David Orme - Authorea

1. Environmental soundscapes are increasingly being used as descriptors of ecosystem health and vocal animal biodiversity. Soundscape data can quickly become very expensive and difficult to manage, so data compression or temporal down-sampling are sometimes employed to reduce data storage and transmission costs. These parameters vary widely between experiments, with the consequences of this variation remaining mostly unknown. 2. We analyse field recordings from North-Eastern Borneo across a gradient of historical land-use. We quantify the impact of experimental parameters (mp3 compression, recording length and temporal subsetting) on soundscape descriptors (Analytical Indices and a convolutional neural net derived AudioSet Fingerprint).

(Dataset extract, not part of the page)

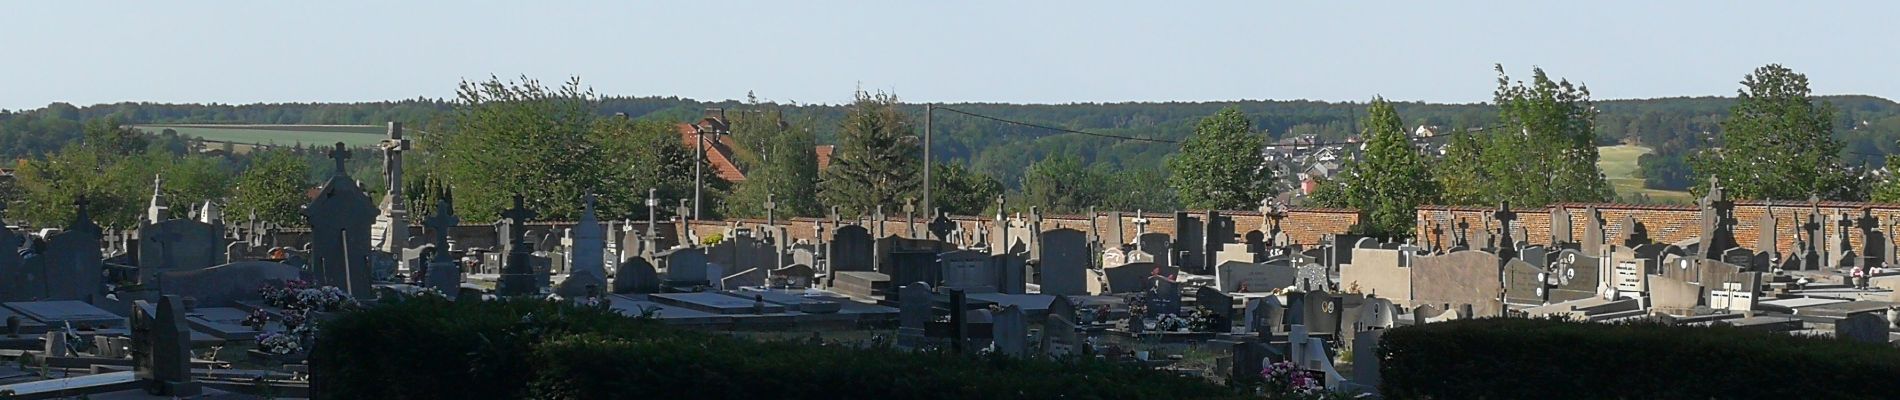 POI Braine-le-Château - Vue sur le cimetière de Braine-Le-Château. - Photo

Both descriptor types were tested for their robustness to parameter alteration and their usability in a landscape classification task. 3. We find that compression and frame size both drive considerable variation in calculated index values. However, we find that the effects of this varaiation and temporal subsetting on the performance of classification models is minor: performance is much more strongly determined by acoustic index choice, with Audioset fingerprinting offering substantial (12-16%) increases in all of classifier accuracy, precision and recall. 4. We advise using the AudioSet Fingerprint in soundscape analysis, demonstrating its superior and consistent performance even on small pools of data. If data storage is a bottleneck to a study, we recommend Variable Bit Rate encoded compression (quality=0, 23% file size) to reduce file size without affecting most Analytical Index values. The AudioSet Fingerprint can be confidently compressed further to a Constant Bit Rate encoding of 64kb/s (8% file size) without any detectable effect. These recommendations balance the efficient use of restricted data storage against the comparability of results between different studies.